— Сырыми, сырыми, — ответила Надежда.
— Но как так печь, чтобы тесто не обгорело и рыба испеклась?
— Печь протопить, золу убрать и на противнях.
Пиапон никак не мог понять, что такое противни, пришлось вмешаться Митрофану и объяснить, что это такое.
— А у нас нет таких, — разочарованно сказала Хэсиктэкэ.
— У вас и печи нет, — сказал Митрофан, — на вашем очаге не испечешь рыбу в тесте. Нужна русская печь. Вот, когда мы сложим у вас печь, тогда Надя приедет к вам и научит печь пироги, булочки и всякие шанежки. Ну, а теперь говорите, зачем нас звали.

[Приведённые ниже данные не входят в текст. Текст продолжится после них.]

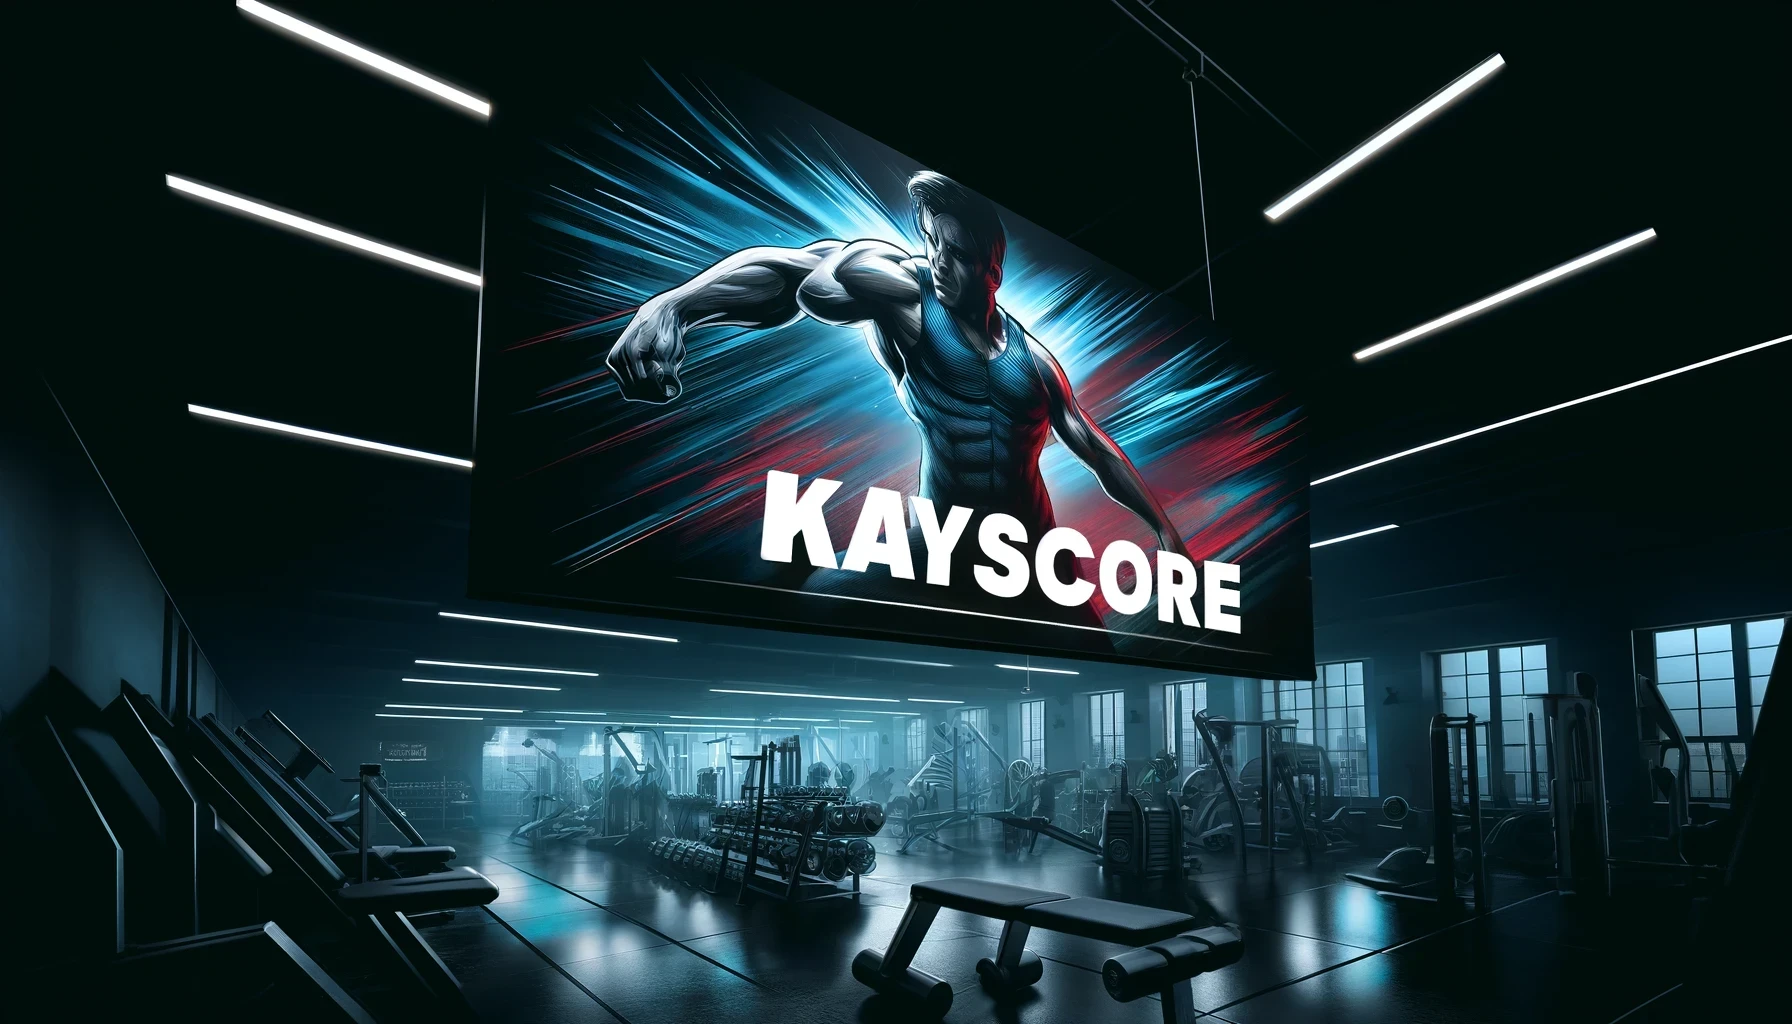 Gym Content von Kayscore auf Kaysblog

— Да не можем справиться с машинкой, — виновато развел руками Пиапон.
Хэсиктэкэ принесла швейную машину, и Надежда тут же на краю пар начала показывать женщинам, как заряжают челнок. Наполнив челнок, она вложила его на место, вытянула наверх конец нити, положила лоскуток, и машина опять, на радость женщинам застрочила стежку за стежкой. Надежда объясняла, как регулировать машину, предупредила, чтобы не шили кожу или слишком толстые вещи: игла сломается.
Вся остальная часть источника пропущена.